Bir Suçluyken Yehova’nın Bir Şahidi Olmak Üzere Hakikat Beni Nasıl Değiştirdi
MAINE (ABD) eyaletinin küçük bir kentinde büyüdüm. Sürekli olarak küçük yaramazlıklar yapan biriydim. Babam beni bu gibi kötü davranışlarda bulunurken yakaladığında, sopayla döverdi. Zaman zaman, özellikle 11. doğum günümde babamın vefat etmesinden sonra, çok yalnızlık çektim.
Büyük bir şehre taşındıktan sonra küçük yaramazlıklardan çok daha ciddi şeyler yapmaya başladım; örneğin, dükkân ve evleri soymak gibi. Sırf başarıp başaramayacağımı görmek için zorla bir nalbur dükkânına girdim. Dükkânlardan her zaman çok şey almıyordum, bunu sadece heyecan duymak için yapıyordum. Şimdi geriye baktığımda, kanımca yaptığım birçok şeye fazla TV seyretmem neden oldu—şiddetli şovların içine çekilmiştim sanki.
İşlediğim suçlar giderek daha kötü bir hal aldı. Bunlardan yakalanmadan sıyrılmış olmam bana daha fazla cesaret verdi. Sonra yakayı ele verdim. 15 veya 16 yaşlarındaydım ve gece saat iki sularında bir süpermarkette “alışveriş” yapıyordum—tabii o saat bu işi yapmak için uygun bir vakit olamazdı. Yaşımın küçük olması nedeniyle, altı ay gözetim altında kaldım. Bu tecrübeden hiçbir şey öğrenmedim; ufak tefek hırsızlıklarım devam etti.

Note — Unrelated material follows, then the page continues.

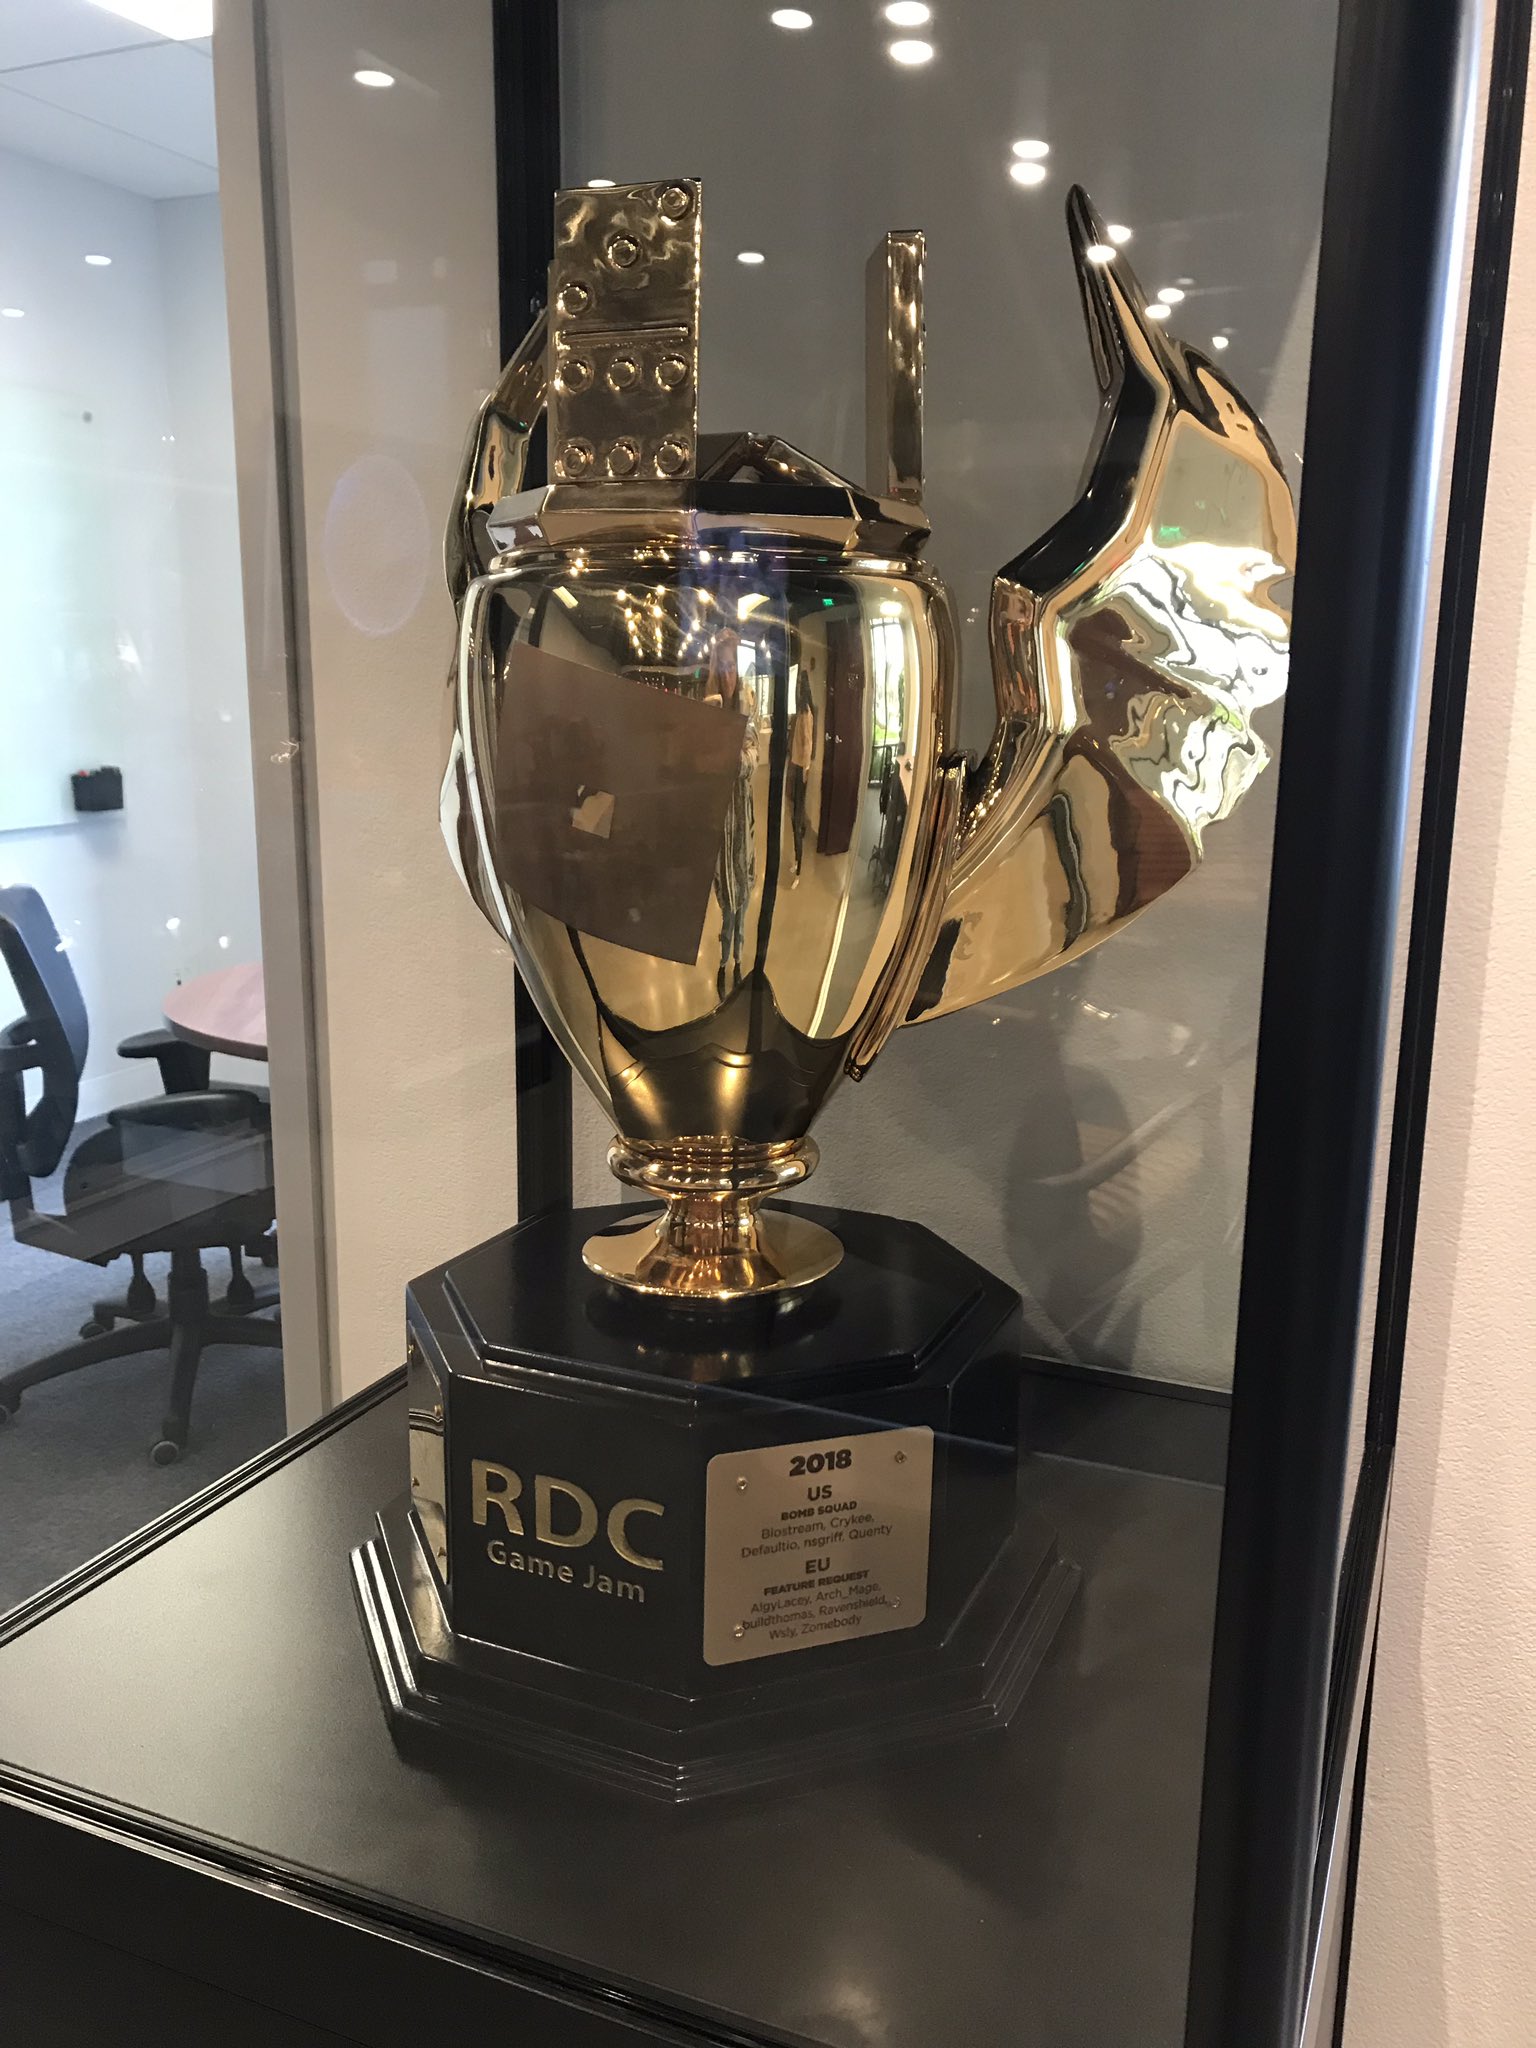 Roblox Developer Relations On Twitter Next Time You Visit Roblox Hq Be Sure To Stop By The Lobby And Check Out The Rdc2018 Game Jam Trophy The Winners Have Their Names Inscribed - roblox developer relations on twitter daily rewards are a good
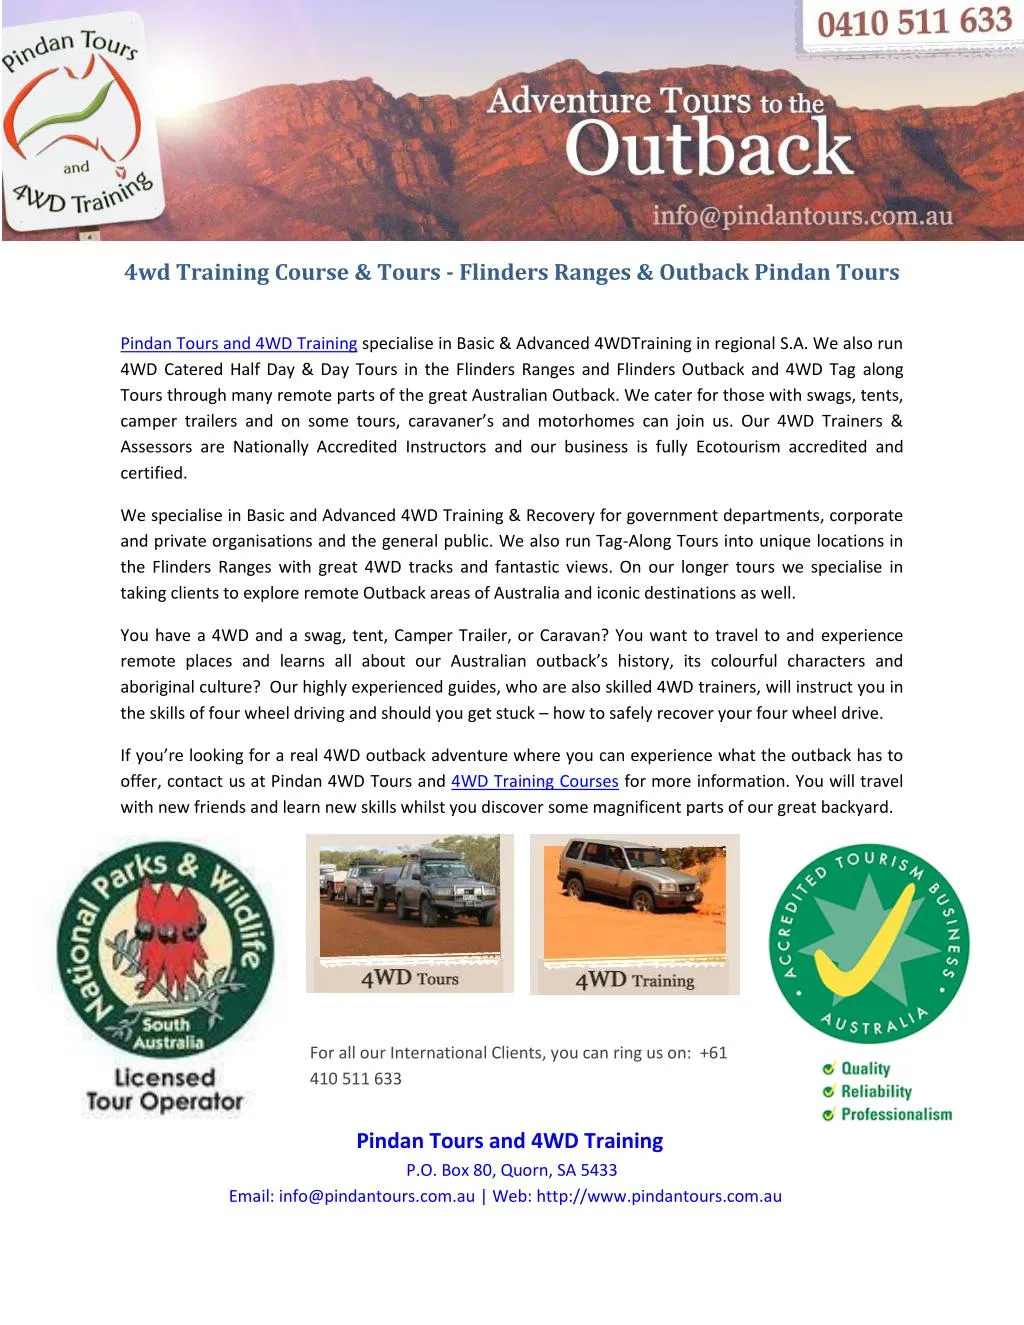 4wd training course tours flinders ranges outback

Yirmi bir yaşına geldiğim zaman bunlar küçük hırsızlıklar olmaktan çıktı. Suçlu olarak kariyerim bir gece cinayet işlemekle doruğuna erişti. Yem de satan bir nalbur dükkânını soyduktan sonra, çaldığım eşyaları onların kamyonlarından birine yükledim, hemen motoru çalıştırarak kamyonu sürmeye başladım. Kaçarken, ne kadar büyük bir iş başardığımı düşünüyordum. O dükkân daha önce çok kere soyulduğu için, sahibi onu bir kale haline getirmişti. Hiç kimse asla orayı tekrar soyamazdı. Oysa ben bunu yaptım! Ben gerçekten ne büyük bir kimseymişim!
Ama bu fazla sürmedi. Kaçarken kamyon yere saplandığından başka bir araç bulmak için bir eve gittim. Evde bulunan biri sinsice dolaştığımı görünce, beni polis çağırmakla tehdit etti. Daha önce dükkânı soyduğum için polislerin gelmesine izin veremezdim. O anda paniğe kapıldım ve silahımı çekip adamı vurdum. Bu mücadele onun için ölümle, benim için ise, kaçmakla sonuçlandı.
Tüm bedenim boncuk boncuk terlemeye başladı. Dehşete kapıldım. Her yanım uyuşmuştu. Önce Augusta kasabasına gittim, çaldığım arabayı bir hendeğe yuvarlayıp bir köprü üzerinde yürümeye başladım. Aşağıdaki suya bir göz atarak “atlasam mı?” diye sordum kendime. Bunu takip eden günlerde defalarca intihar etmeyi düşündüm, fakat kendimde bunu yapma cesaretini bir türlü bulamadım. Böylece iki yıl kadar kaçak olarak yaşamaya devam ettim.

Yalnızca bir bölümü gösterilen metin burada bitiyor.